The second editorial, four days later, was more vitriolic. Headlined "Journal coverage has exacerbated problems," the News accused the business paper of "behaving like a journalist who mugs a passer-by in an alley, writes about it, then demands a raise for having beaten the competition to the story."
This time, the News branded the initial Journal story "misleading and exaggerated." The editorial went on to scornfully note that the Journal had published a second story on December 16 (co-authored by Blumenthal and Vogel) reporting how the Texas Treasury Department has had to sell some of its own securities to shore up TexPool--and that taxpayers could end up footing the bill.
"The Journal, having sparked the panic, now settles back to cover the story," the News editorial sneered. "It's not a proud moment for America's leading financial daily."
A third editorial, on December 23, inexplicably shifted tone. "Now that the stampede is over," suggested the News, which had previously assured us that all was well with TexPool, the Texas Legislature "should undertake a critical examination of the fund's operations."
The first News editorial insisted that with the treasury's buyback scheme to shore up TexPool, "nobody loses." This one concluded the state treasurer's move "cost the Treasury (and, by extension, Texas taxpayers) $55 million." It urged legislators to consider "whether the state has any place at all investing in the high-risk instruments."
Journal reporter Blumenthal would not comment to BeloWatch about the irony of the paper whose business section she once ran characterizing stories she helped produce as "misleading" and "inaccurate."
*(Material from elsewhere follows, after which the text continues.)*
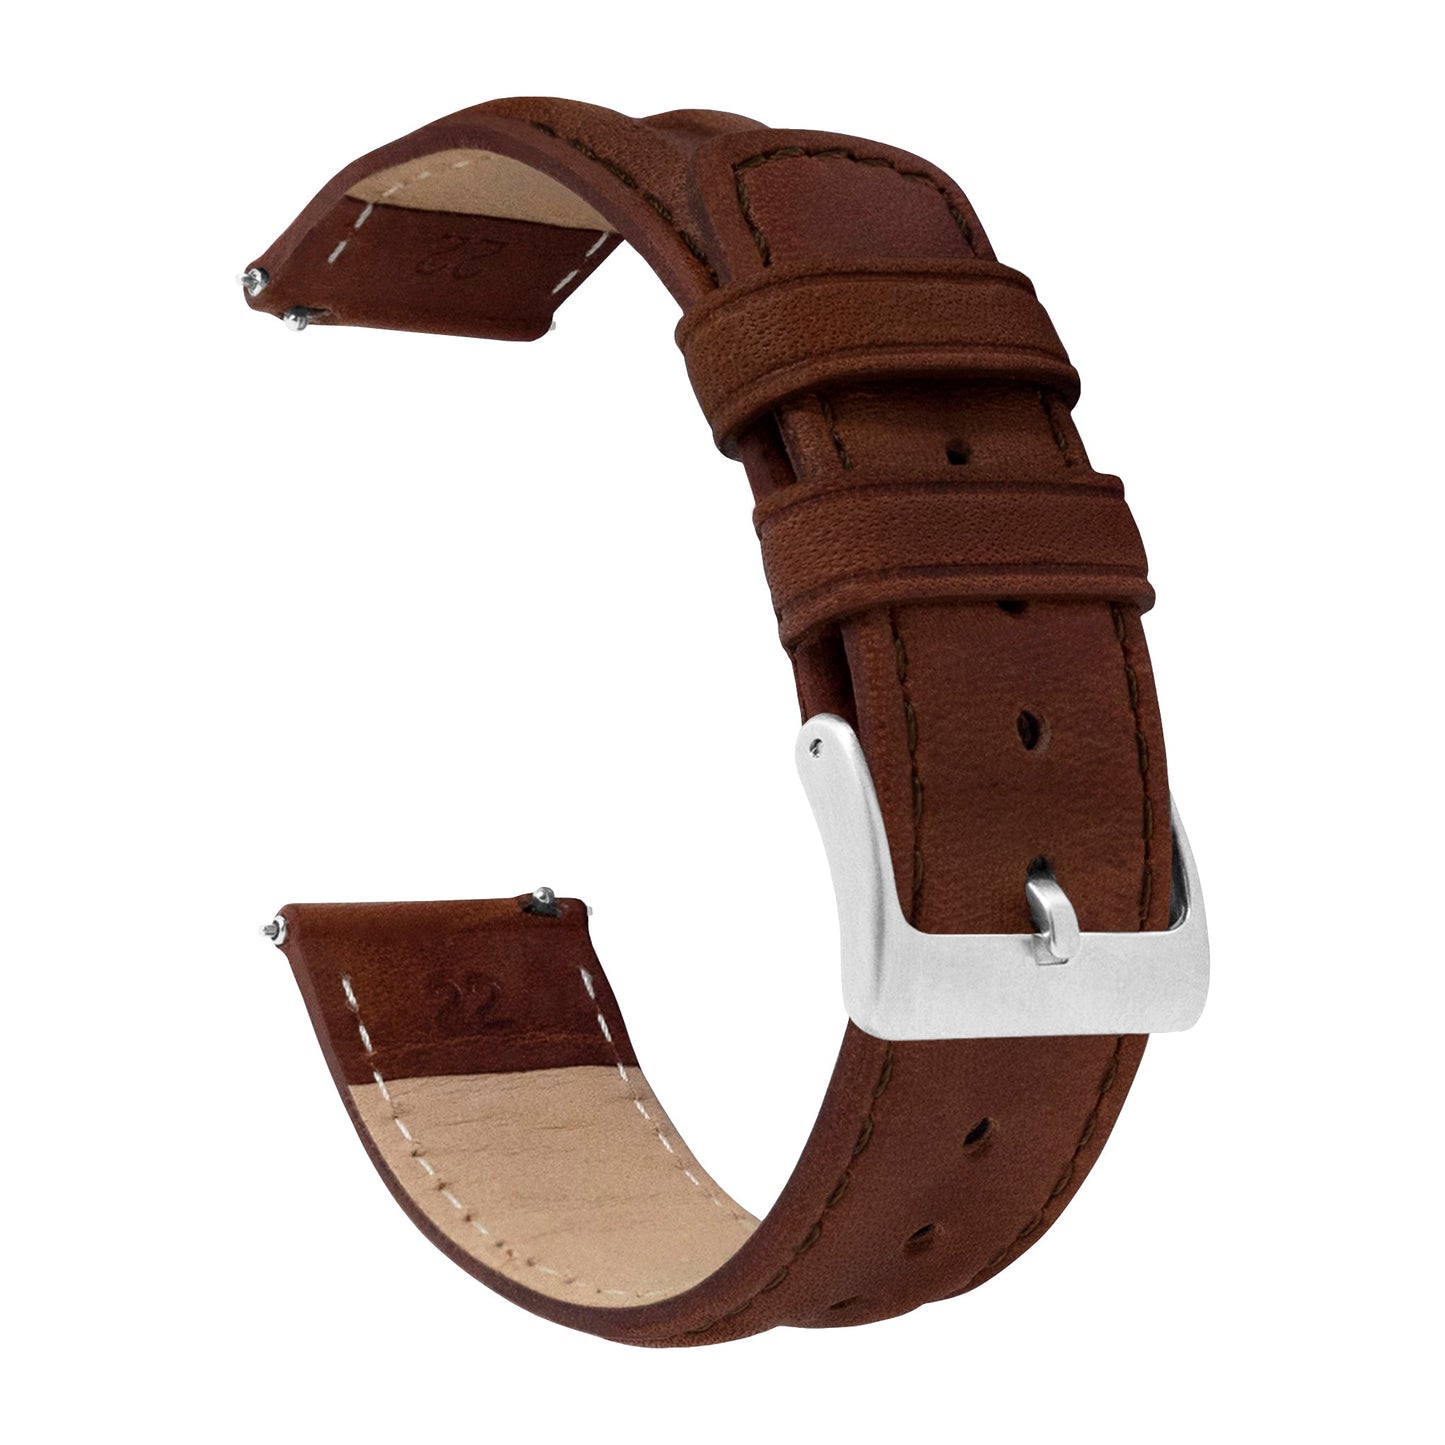 Samsung Galaxy Watch Active | Classic Horween Leather | Chocolate Brown - Barton Watch Bands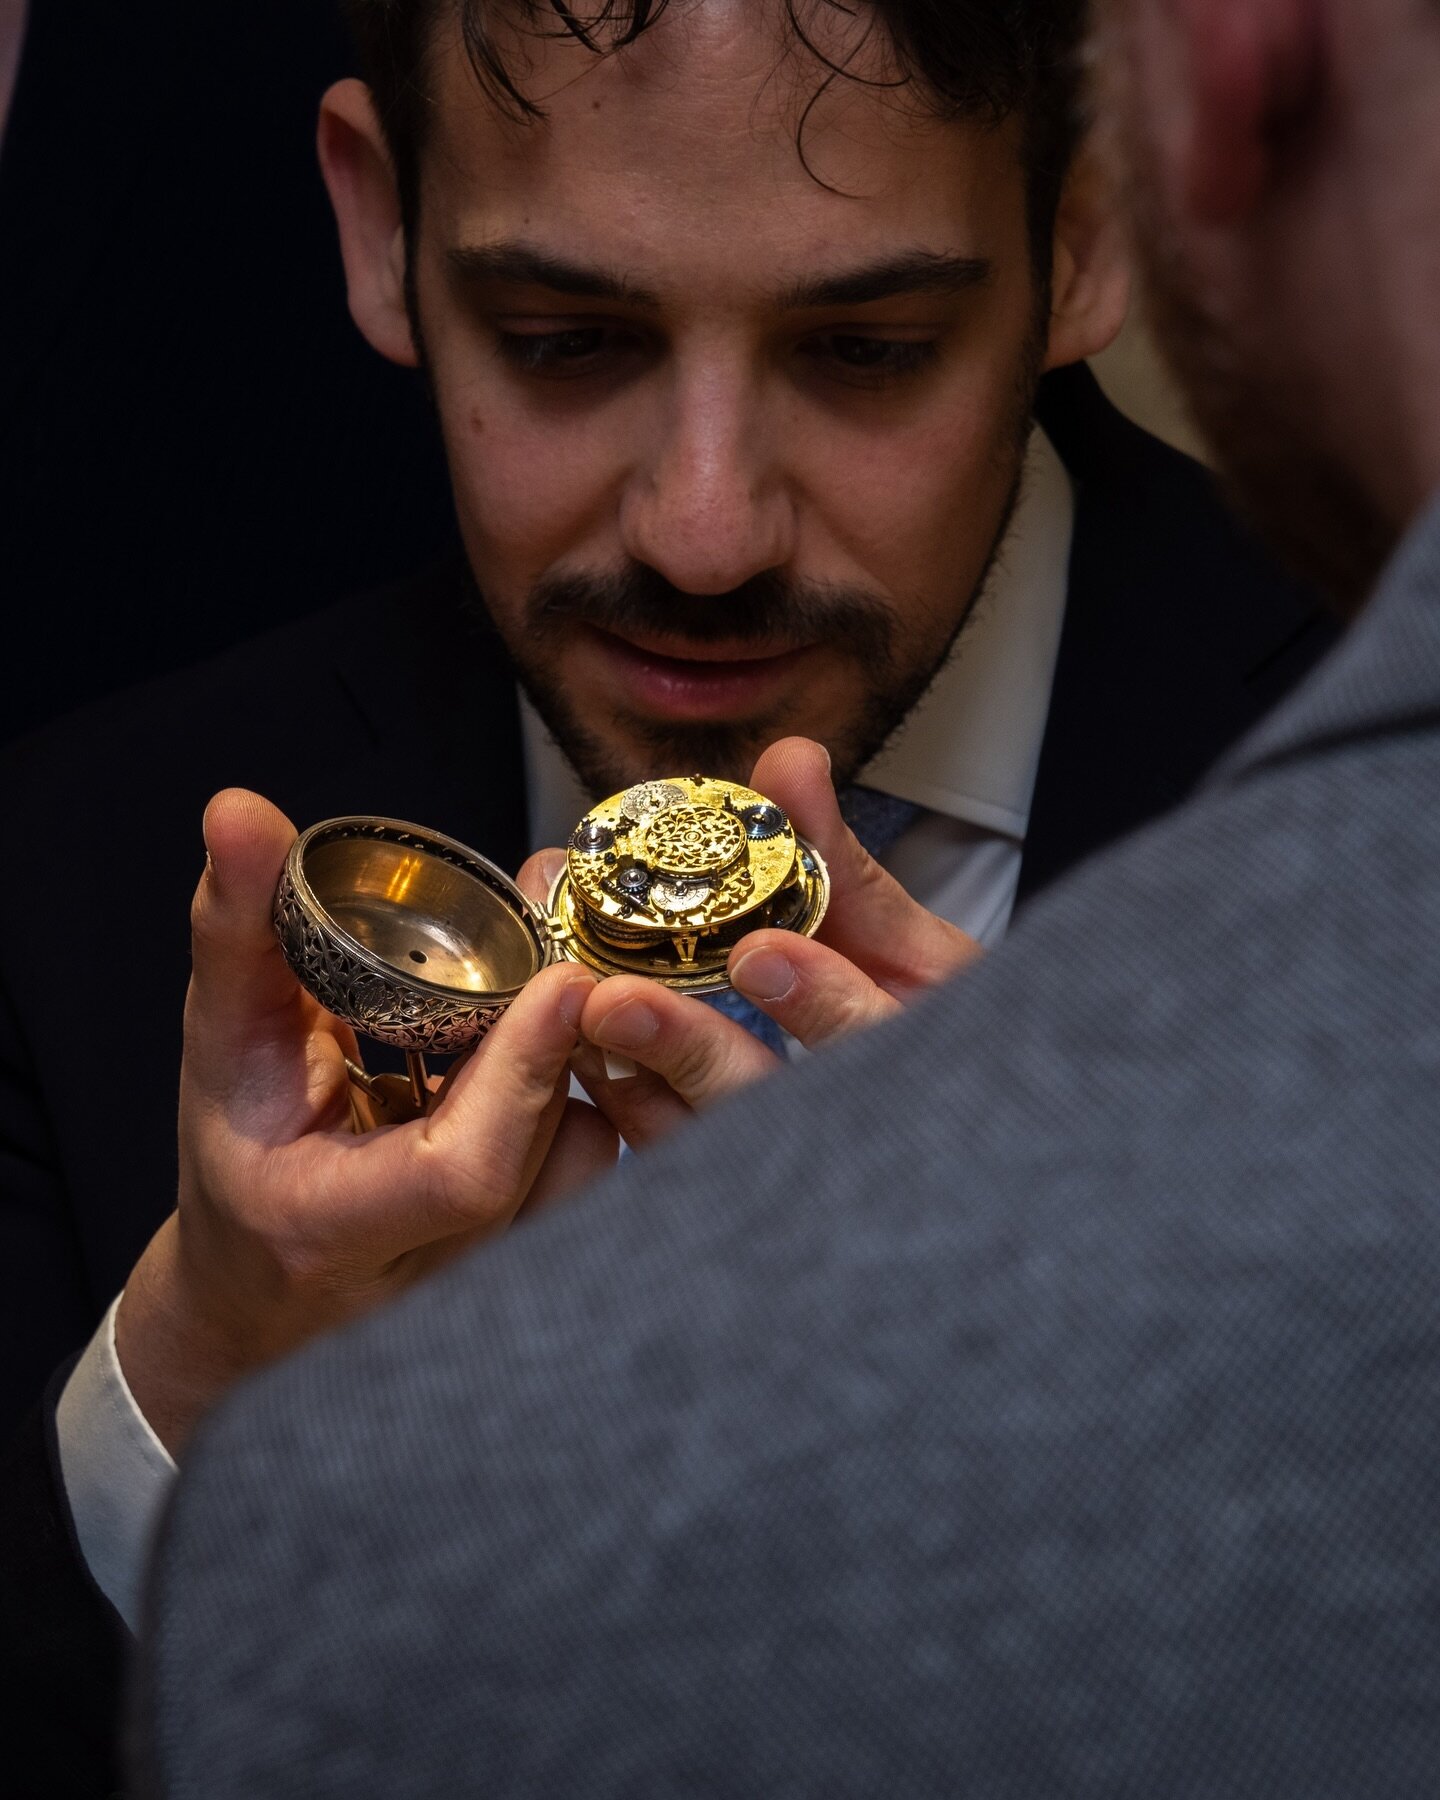 Getting around to sharing some pics from recent events. Here&rsquo;s one @somlo_london with Daniel sharing some early pocket watches. Certainly not to my usual taste, but this picture highlights the passion that we all have and that the term &ldquo;W

But the antipathy between the two papers is no secret. Their competition for Texas stories, respect in the Texas business community, and reporting talent--not to mention ads and subscribers--was multiplied with the debut of the national paper's weekly "Texas Journal" section.
A few weeks earlier, the Journal had great fun with a story about the News' preposterously garbled version of a wire-service article on faulty Intel microchips. News honchos blamed the entire fiasco on a misused spell-check program; others blamed it on a prankster's sabotage.
In any case, it's amusing to see how a change of employment can transform a journalist deserving of high responsibility at Texas' leading newspaper into one capable of collaborating in a journalistic atrocity.
The January 8 Sunday Reader section in the News devoted its Q&A "Interview" section to former Houston congressman Mike Andrews, who is leaving Washington following his unsuccessful bid for the Democratic nomination to run against U.S. Senator Kay Bailey Hutchison.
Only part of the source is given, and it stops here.